Single by Blake Shelton

from the album Blake Shelton's Barn & Grill
- Released: July 26, 2004
- Recorded: 2004
- Genre: Country
- Length: 3:24
- Label: Warner Bros. Nashville
- Songwriters: Rory Feek Paul Overstreet
- Producer: Bobby Braddock

Blake Shelton singles chronology
| "When Somebody Knows You That Well" (2004) | "Some Beach" (2004) | "Goodbye Time" (2005) |

= Some Beach =

"Some Beach" is a song written by Rory Feek and Paul Overstreet and recorded by American country music artist Blake Shelton. It was released in July 2004 as the second single from Shelton's 2004 album Blake Shelton's Barn & Grill. The song became Shelton's third number one hit on the U.S. Billboard Hot Country Songs chart and spent four weeks at that position.

==Content==
The narrator deals with frustrations, such as being flipped off in traffic on the highway and having to wait all afternoon at the dentist's office, by wishing that he were "on some beach, somewhere." The song's title is a double entendre, playing on a Southern United States dialectal form of the epithet "son of a bitch" ("som' bitch").
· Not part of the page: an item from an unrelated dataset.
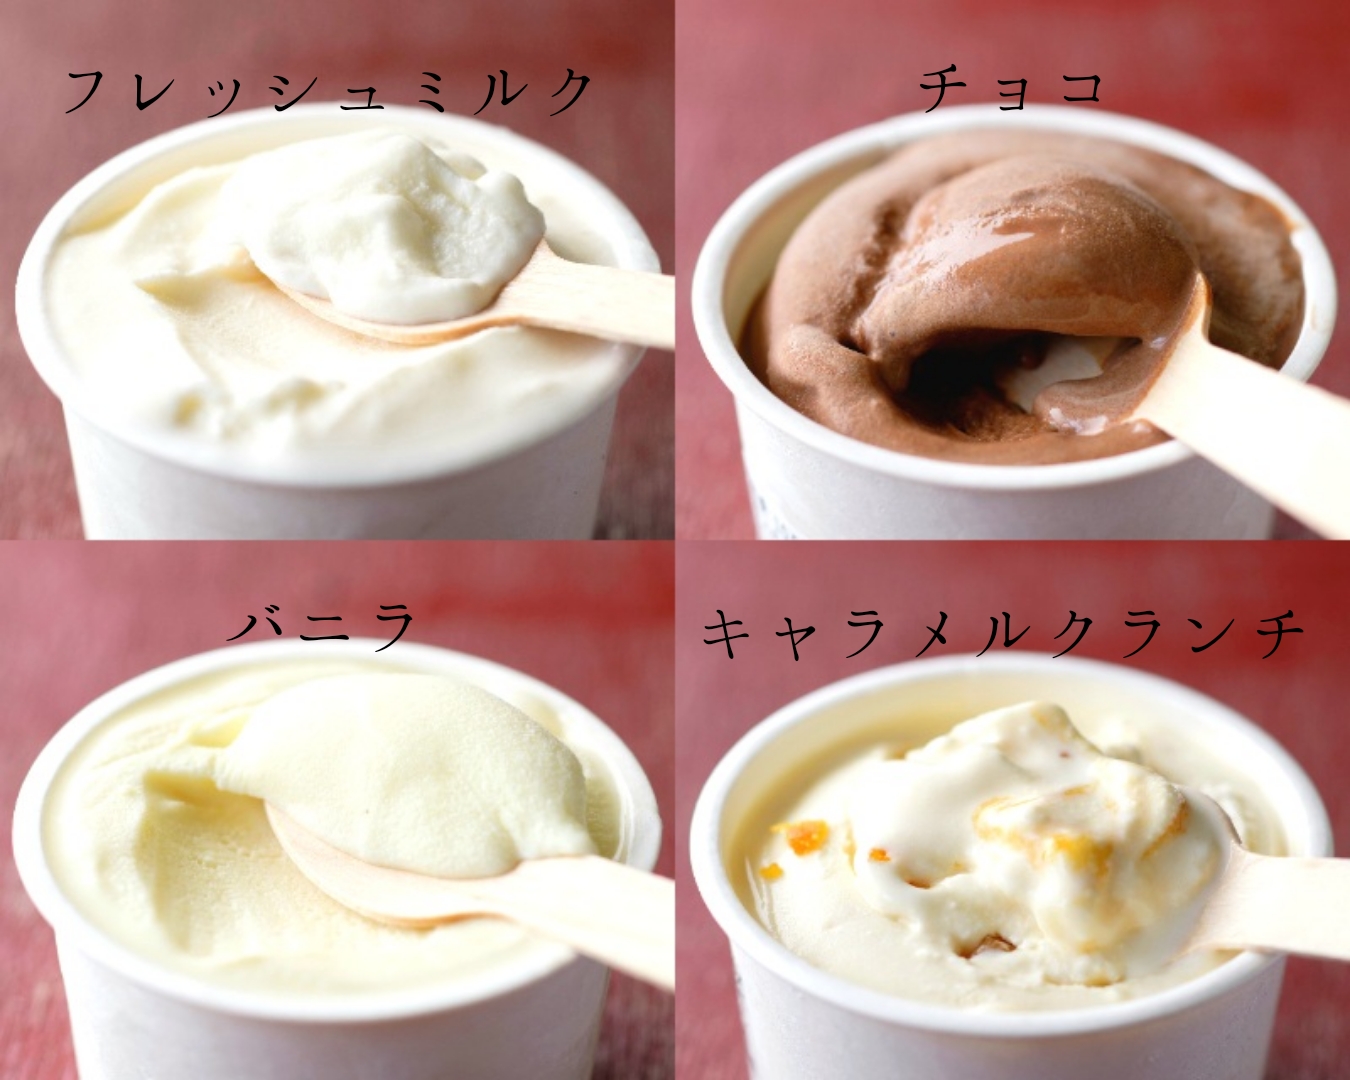 ひらかわ牧場のしぼりたて生乳で作ったアイスクリーム【人気の4種24個入り】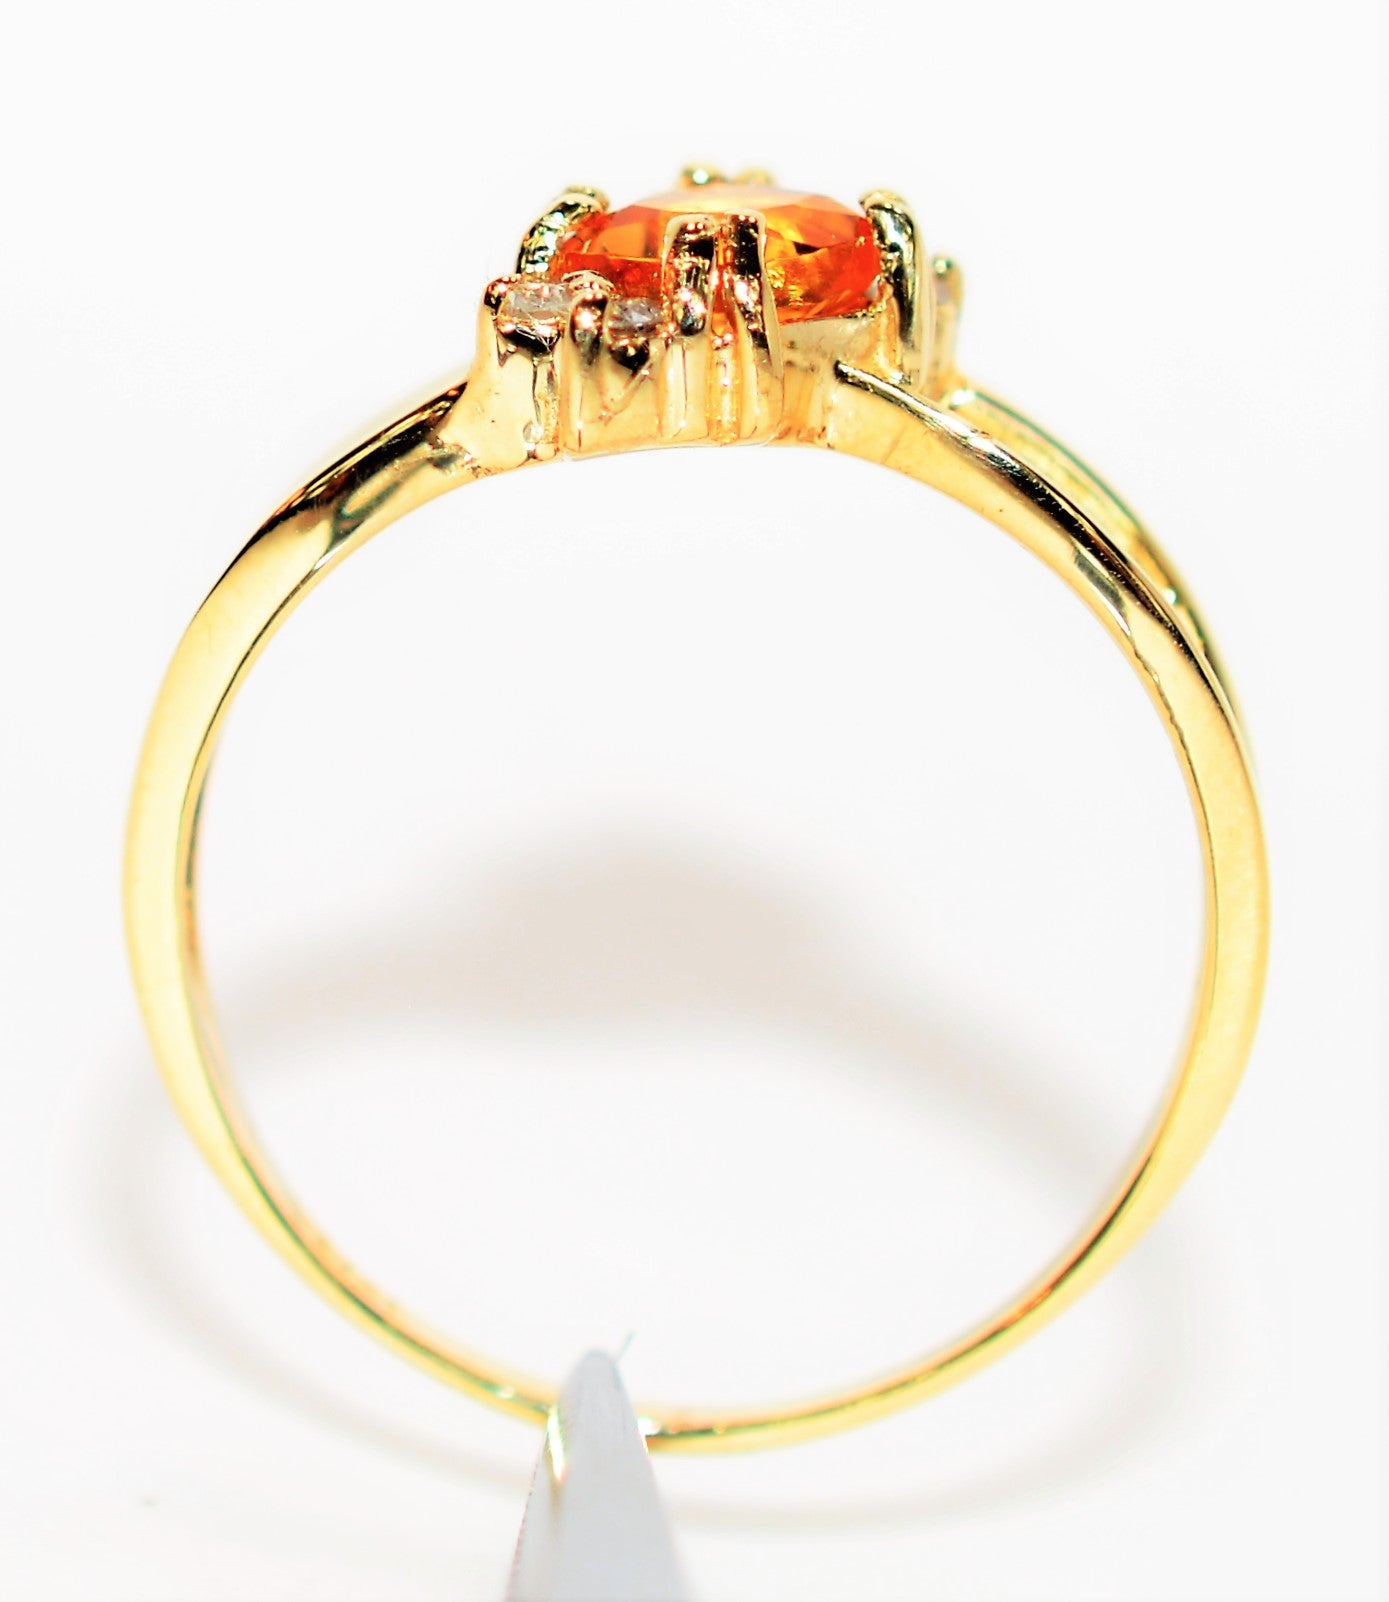 Natural Orange Sapphire & Diamond Ring 10K Solid Gold .76tcw September Birthstone Ring Gemstone Ring Orange Ring Women's Ring Ladies Ring

According to the sheet music published at Musicnotes.com, the song is composed and written in the key of C major and is set in time signature of common time with a tempo of 116 beats per minute. Shelton’s vocal range spans from the notes G^{3} to E^{5}.

==Music video==
The music video was directed by Peter Zavadil, and features Shelton driving a pickup truck down a freeway, trying to park the truck, and going to the dentist. The video premiered on CMT on July 29, 2004, and featuring NASCAR driver Elliott Sadler.

==Chart performance==
"Some Beach" debuted at number 51 on the U.S. Billboard Hot Country Songs for the chart week of August 7, 2004.

| Chart (2004–2005) | Peak position |
|---|---|
| Canada Country (Radio & Records) | 3 |
| US Billboard Hot 100 | 28 |
| US Hot Country Songs (Billboard) | 1 |

===Year-end charts===

| Chart (2005) | Position |
|---|---|
| US Country Songs (Billboard) | 28 |

==Certifications==

| Region | Certification | Certified units/sales |
| United States (RIAA) | Platinum | 1,000,000^{‡} |
^{‡} Sales+streaming figures based on certification alone.